I've always thought that all the quantities in the primed frame should be primed as well. Especially when we're talking about an EM wave.

In his seminal paper on relativity, On the Electrodynamics of Moving Bodies, Einstein makes everything in the primed frame prime when utilizing Maxwell's equations:

The E and B components (or F in Rohlf's example) are transformed in the manner I brought up in #4:

7. Oct 31, 2016

### Orodruin

Staff Emeritus
When you talk about an EM field you are essentially talking about a rank two tensor field. Generally a tensor's components depends on the basis you use. When you talk about $F$ above, it is a scalar field. By definition, scalars (rank zero tensors) are invariant under coordinate transformations.

8. Oct 31, 2016

### greswd

Is it acceptable to plug any of the 6 E and B components into the d'Alembertian? Wouldn't that make F just a stand in for any component of the E or B field?

9. Oct 31, 2016

### Orodruin

Staff Emeritus
This adds further complication. You would also have to take into account that the components transform between frames. You can say that the E' components following the wave equation in S' will imply that the E' components will follow the wave equation in S (keeping talking about components of the E-field relative to the primed basis). It is then a matter of collecting the E' and B' components into the E and B components in order to conclude that the E and B components (relative to the unprimed system) also satisfy the wave equation.

10. Oct 31, 2016

### greswd

So we can mix primes and un-primes within the same d'Alembertian? Cool..

11. Oct 31, 2016

### Orodruin

Staff Emeritus
The d'Alembertian is a linear operator. This should not come as a surprise.

12. Oct 31, 2016

### greswd

Rohlf has shown that it $F$ can satisfy the d'Alembertian in both primed and unprimed frames.
We can replace $F$ with $E_x$, since $E_x'=E_x$, and get a similar result.
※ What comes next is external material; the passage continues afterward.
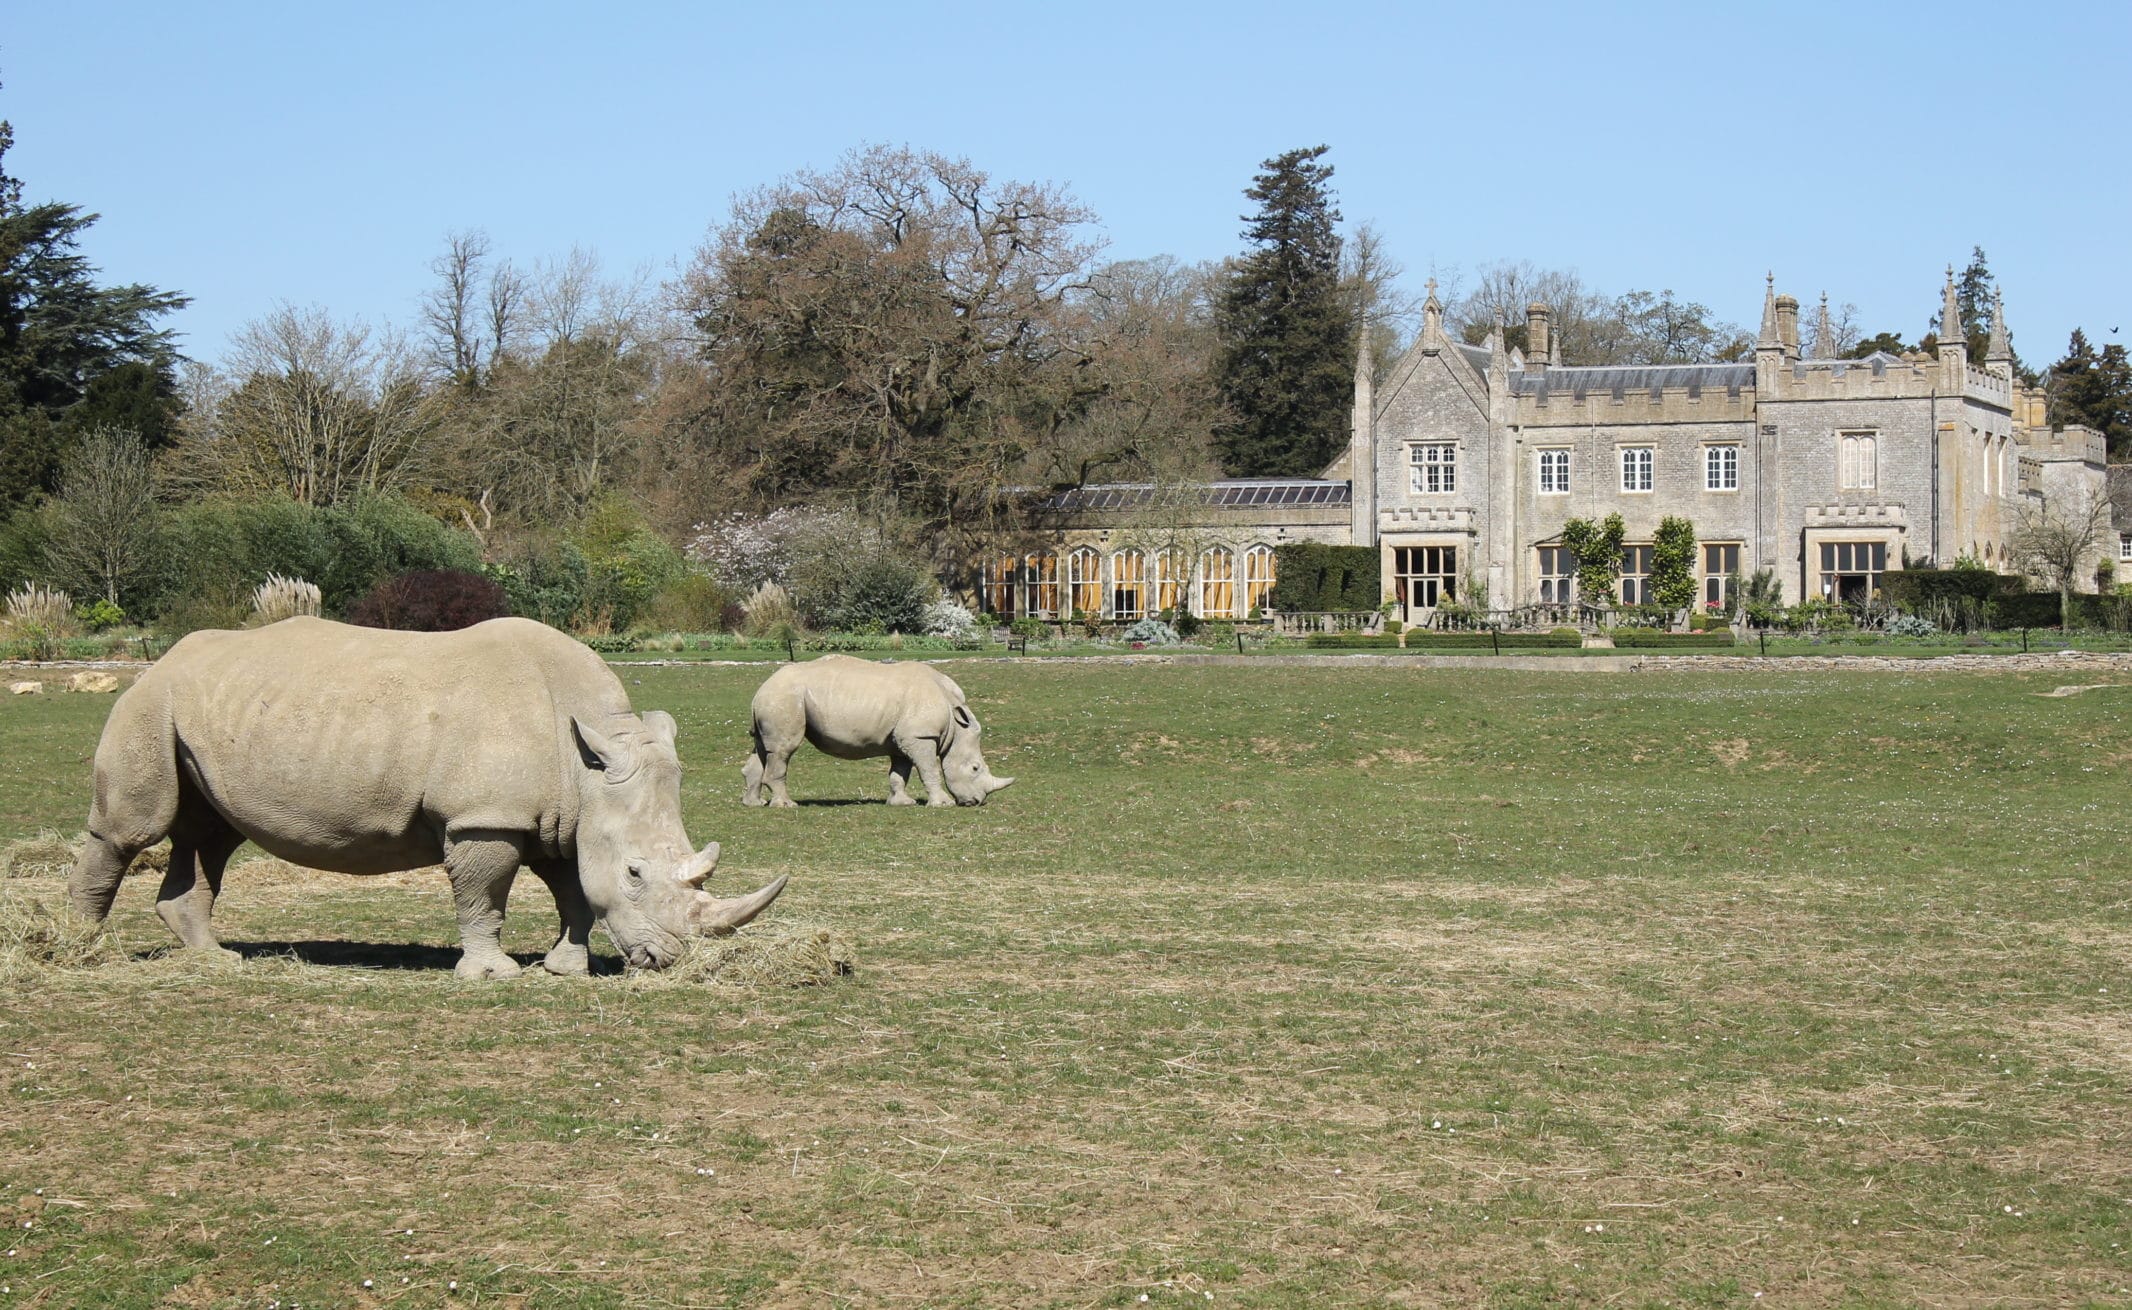 The popular Cotswold Wildlife Park is only a 30 minutes drive from Ellenborough Park.
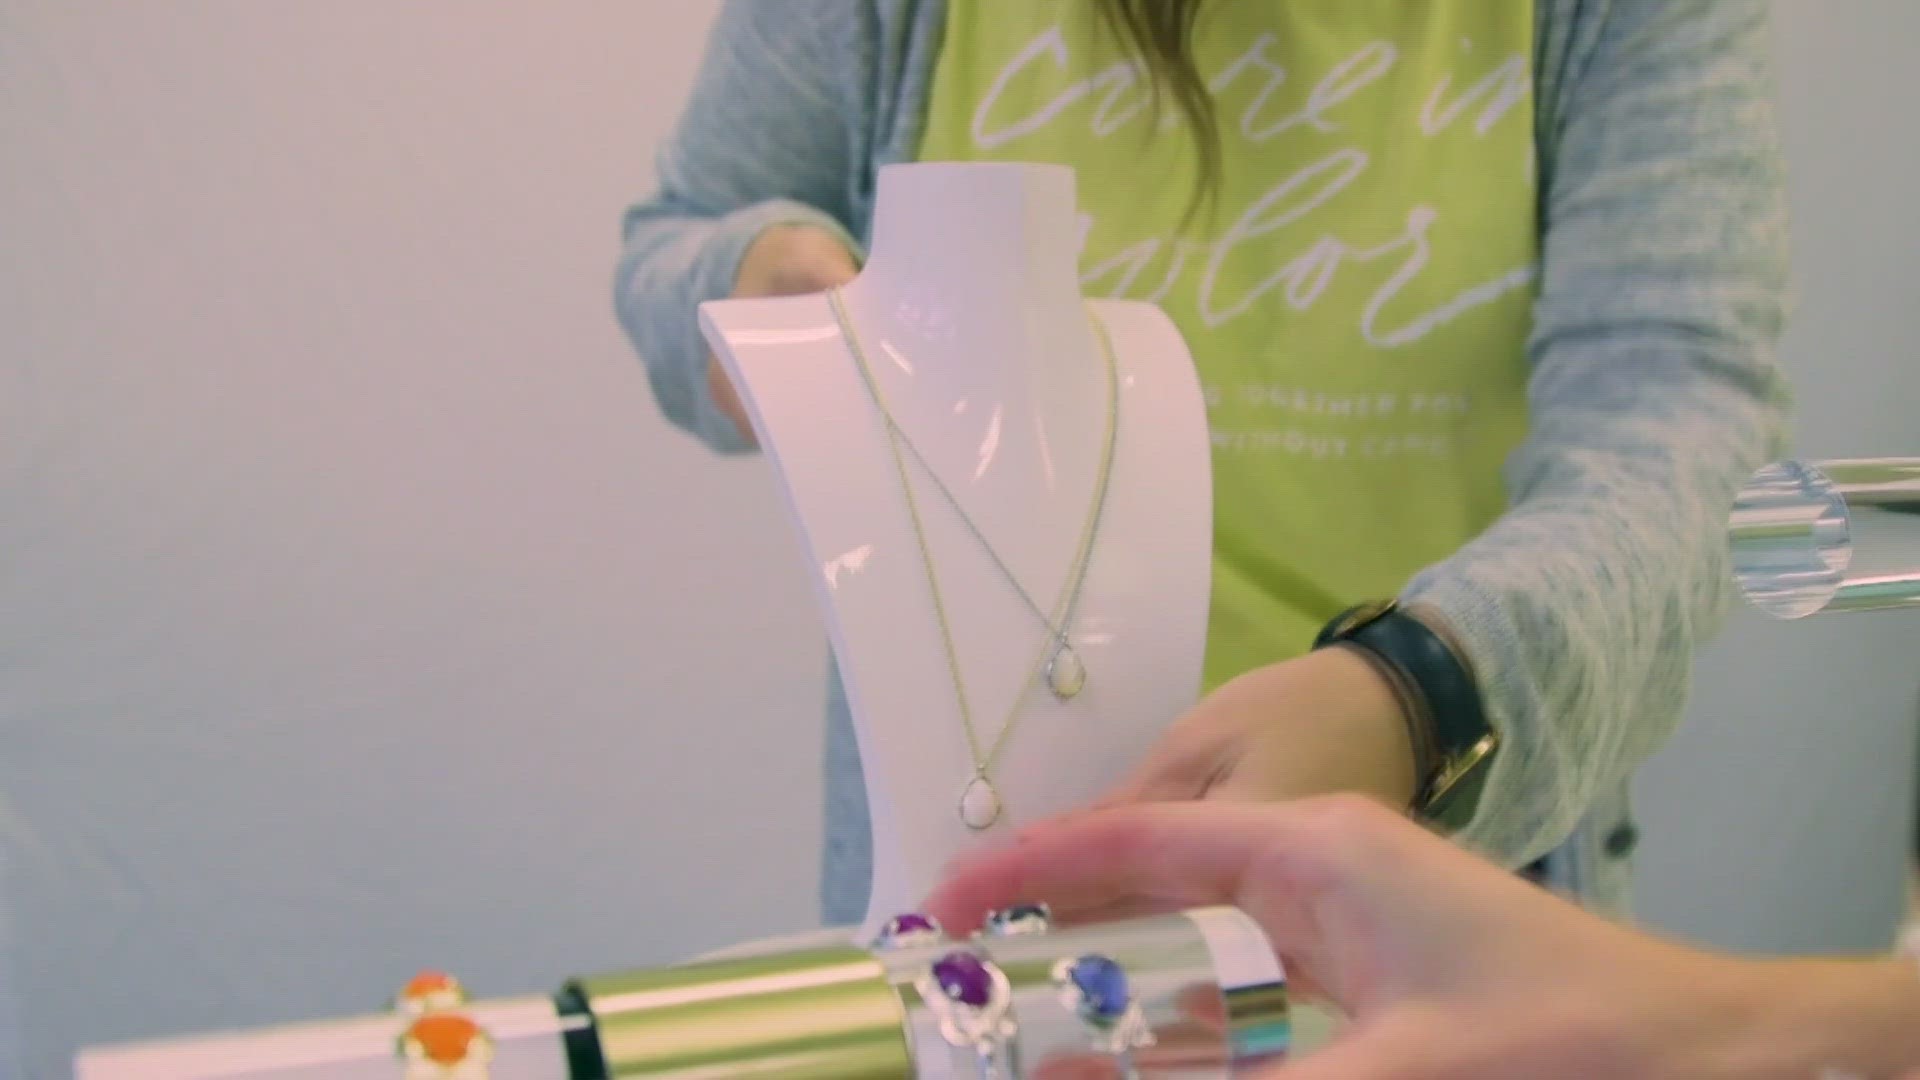 The Kendra Scott at Target collection will begin appearing in stores Oct. 22.

Am I right to say that we need the transformations in #4 to satisfy Maxwell's equations, but we don't need them to satisfy the d'Alembertian?

13. Oct 31, 2016

### greswd

Not really a surprise, but an interesting result. Especially to an ignoramus like myself, who finds it difficult to obtain answers.

14. Oct 31, 2016

### Orodruin

Staff Emeritus
The d'Alembertian is a differential operator. It is not something you can "satisfy".

It is involved in the wave equation, which is something a quantity can satisfy.

In general, you know that E and B are linear combinations of E' and B'. Thus, if E' and B' satisfy the wave equations, then so do E and B by the linear property of the d'Alembertian.

15. Oct 31, 2016

### greswd

To reiterate my question in #12, am I right to say that we need the transformations in #4 to satisfy Maxwell's equations, but we don't need them to satisfy the wave equation (for E and B fields)?

16. Oct 31, 2016

### Orodruin

Staff Emeritus
They will automatically satisfy the wave equation of the original fields do.

17. Oct 31, 2016

### greswd

?
Which is 'they'?